Early Warning: How to Find Financial & Non-Financial Signs of Credit Deterioration
The challenges that companies and projects face today require a comprehensive view to assess early signs of potential borrower distress, and this encompasses both financial and non-financial risks. Credit deterioration goes beyond the immediate access to capital.
The boundaries between financial and non-financial issues are not as clear as many believe. Frequently, we see examples of non-financial risks that sooner or later begin to impact a company or project’s financial performance. One only has to watch, for example, the recent TV show “The Dropout” about the famous U.S. blood testing company Theranos, to see how early warning signs of credit trouble all were around well before the company had any capital shortfalls.
This does not mean that traditional financial risk analysis is no longer valid to identify early signs of distress. On the contrary, it means that this analysis needs to be conducted in depth and integrated with a thorough understanding of the non-financial issues that the company or project faces.
A new framework based on Standard and Poor’s approach to analyse non-financial risks may help identify early signs that could lead to financial distress. S&P’s approach looks at whether environmental, social, and governance factors may negatively affect overall credit. A key takeaway is that it is important not to draw conclusions from single warning signs, but the analysis may be enriched by including non-financial risks, since these can affect the company’s overall performance.
S&P recent analysis of approximately 4,200 rated corporate and infrastructure entities shows that governance is the non-financial factor that negatively affects most of these (40%), followed by environmental factors (28%) and social factors (16%). While environmental and social factors are more correlated with particular sectors, governance is more entity specific.
Governance issues negatively affect a substantial portion of the entities analysed. Think, again, of the aforementioned Theranos, originally a start-up founded and led by entrepreneur Elizabeth Holmes, who accumulated singular power while appointing a board of directors that failed to keep her power in check, either by design or because it did not accomplish its tasks.
It’s no surprise that S&P’s corporate rating methodology already includes a broad section on governance matters since its weight in the credit quality is substantial.
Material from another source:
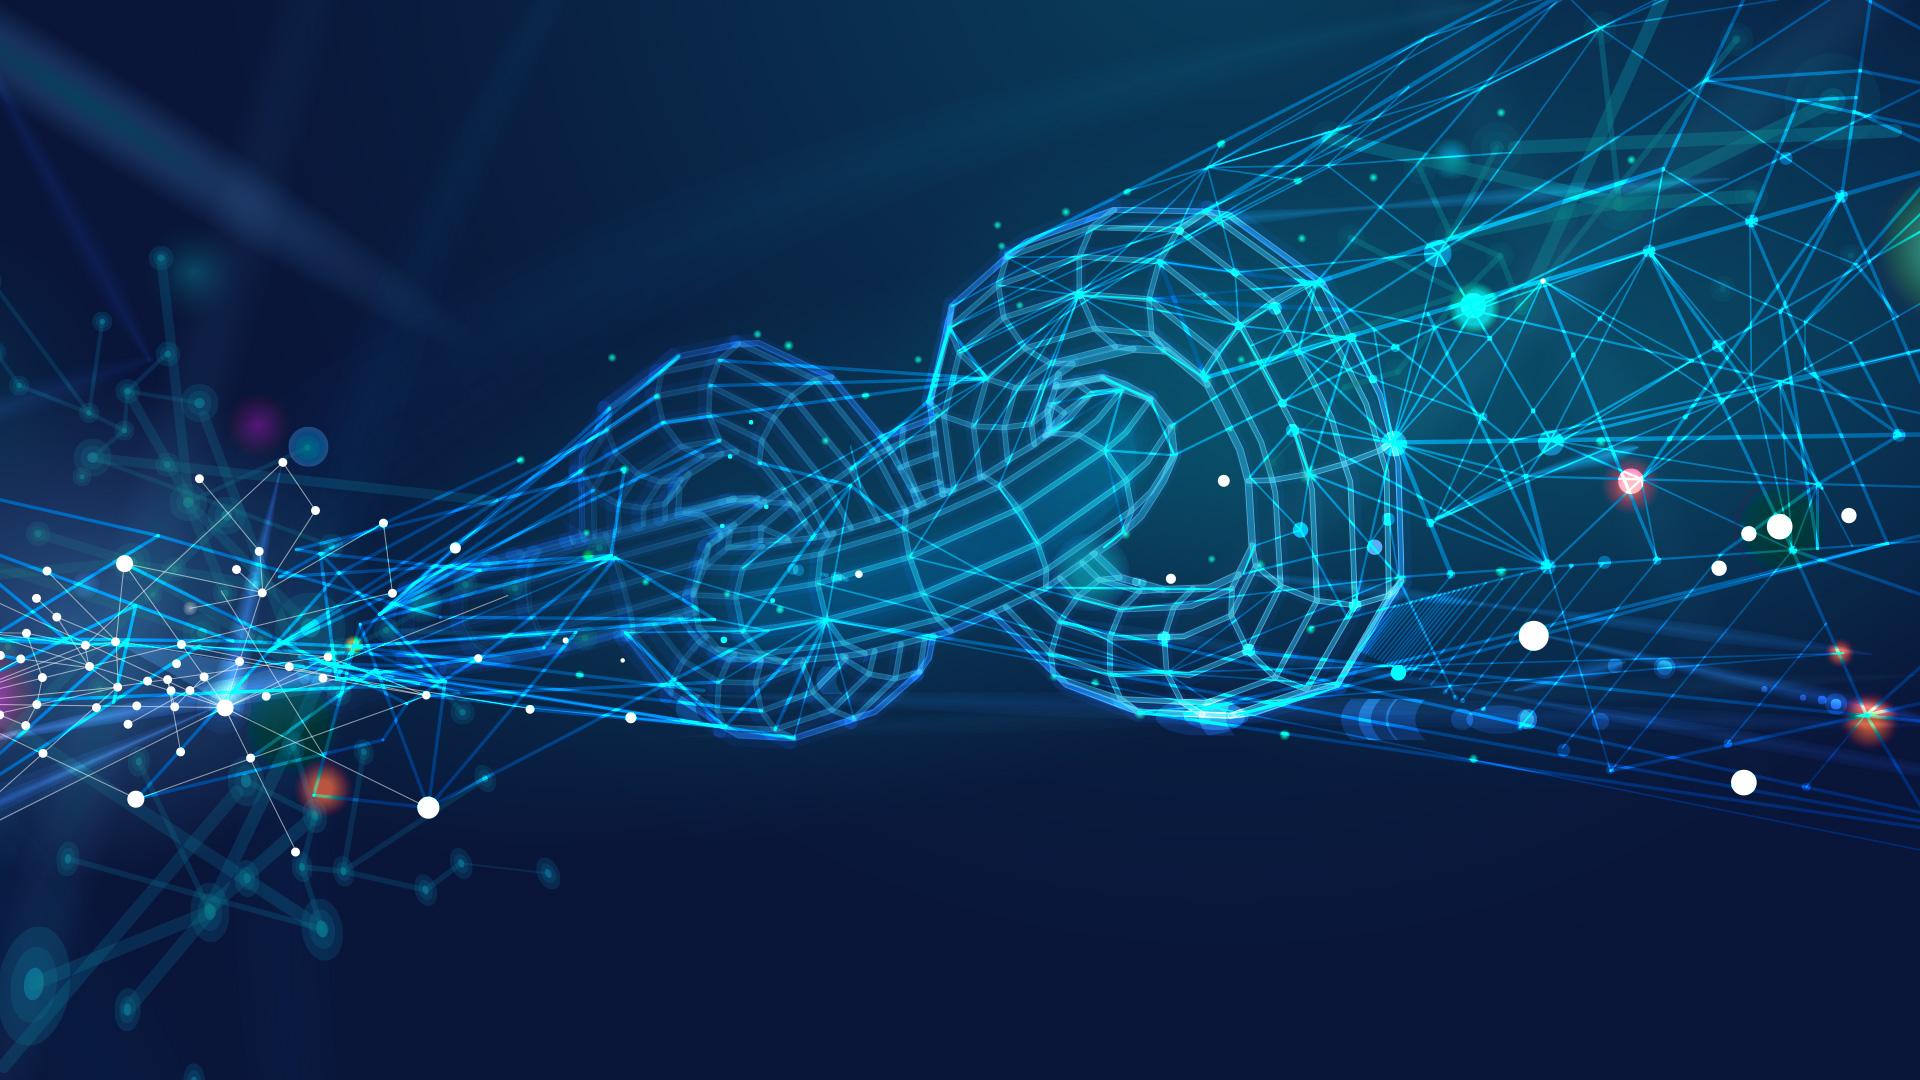 Equigy: A Crowd Balancing Platform based on Blockchain Technology

An interesting conclusion from the analysis is that entities with financial sponsors, such as the ones that increasingly own project finance entities, tend to suffer a more negative impact from governance matters in their credit assessment. Therefore, this ownership structure may constitute an early warning signal that needs to be addressed during project finance structuring to properly align incentives among all stakeholders.
Early risk identification can usually be objectively determined and should be accompanied by an understanding of the nonfinancial issues faced by a company or a project. The combination of signs of distress or possible non-financial factors that may lead to financial impairment would, on occasion, be accompanied by subjective judgement. Every specific situation must be assessed on its own merits.
Given the complex environment in which both companies and projects operate today it is necessary to take a systemic approach in the early warning identification. The advantage that a multilateral lender like IDB Invest has is the availability of consolidated teams of experts in both financial and non-financial risks key areas that allow us to better serve our clients with an integrated view of the transaction.
These IDB Invest teams, as they generate new transactions and supervise existing ones, capitalize on the richness in knowledge to identify early warnings and be able to take preventive and corrective actions on time when needed. An expert, watchful eye always helps.